Let's assume I have a $2$ dimensional vector space with inner product, and a basis where the inner product can be represented as $$ \begin{bmatrix}x &y\end{bmatrix} \begin{bmatrix}E &F\\F &G\end{bmatrix} \begin{bmatrix}x\\y\end{bmatrix}$$ In this basis, I express an orthonormal basis $\{e_1;e_2\}$as $\{(e_{1x},e_{1y});(e_{2x},e_{2y})\}$.
I have the "suspicion", and I could not find any counterexample, that the inverse of the matrix above can be written as $$ \begin{bmatrix} e_{1x}^2+e_{2x}^2 & e_{1x}e_{1y}+e_{2x}e_{2y}\\ e_{1x}e_{1y}+e_{2x}e_{2y} & e_{1y}^2+e_{2y}^2 \end{bmatrix} $$ for any orthonormal basis $\{e_1;e_2\}$.
I tried to set up the equalities that derive from orthogonality and normality of the various vectors and arrange them in a identity matrix, but I am stuck there and I can't find any way to extraxt an inverse of my $EFFG$ matrix. I feel there may be a straightforward way to prove this (or I am wrong upfront).

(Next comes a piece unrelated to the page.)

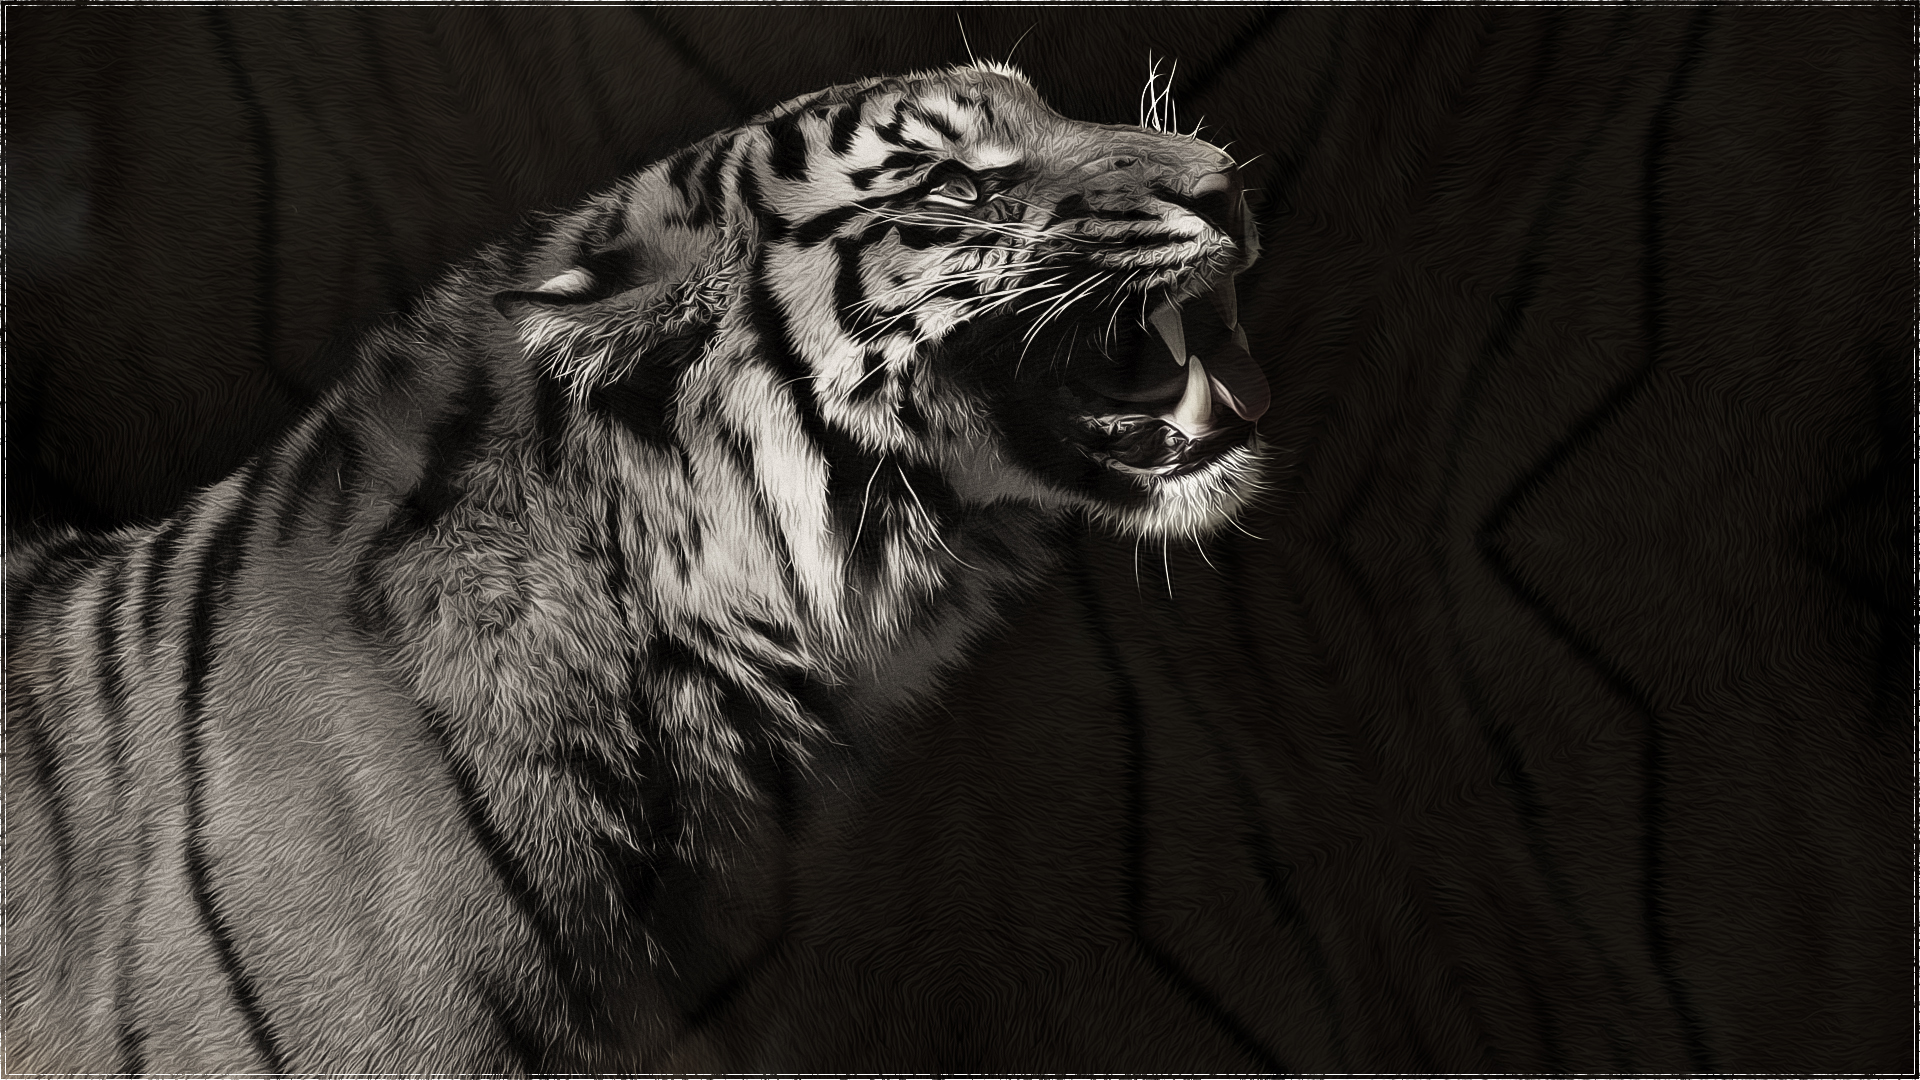 White tiger hd wallpaper background image 1920x1080 - Animal black background wallpaper ...

What could be a method to prove this? Also, how would this extend to $n>2$?
thanks
There might be a more clever way, but I've solved it with coordinates. Let's work with column vectors as a default, in $\mathbb R^n.$ Let $A$ be the matrix for the inner product in the canonical basis —in your example, $\begin{pmatrix} E & F \\ F & G \end{pmatrix}$—, and let $g$ be the inner product itself. So for any $u, v \in \mathbb R^n,$ $$g(u, v) = u^TAv.$$ If you have an ortonormal basis $B = \{ e_1, \dots, e_n \}$ and the change of basis from $B$ to the canonical basis is given by the matrix $$P = \begin{pmatrix}e_{11} & \cdots & e_{n1} \\ \vdots & \ddots & \vdots \\ e_{1n} & \cdots & e_{nn} \end{pmatrix},$$ then $$g(u, v) = u_B^T P^TAPv_B,$$ where $v_B$ is the vector $v$ written in the basis $B$. In particular, $$\delta_{ij} = g(e_i, e_j) = (P^TAP)_{ij},$$ so $P^TAP = I.$ Inverting, $P^{-1}A^{-1}(P^T)^{-1} = I,$ so $$A^{-1} = PP^T.$$ Finally, $$(A^{-1})_{ij} = (PP^t)_{ij} = \sum_{k=1}^ne_{ki}e_{kj},$$ which is the generalized version of your suspicion.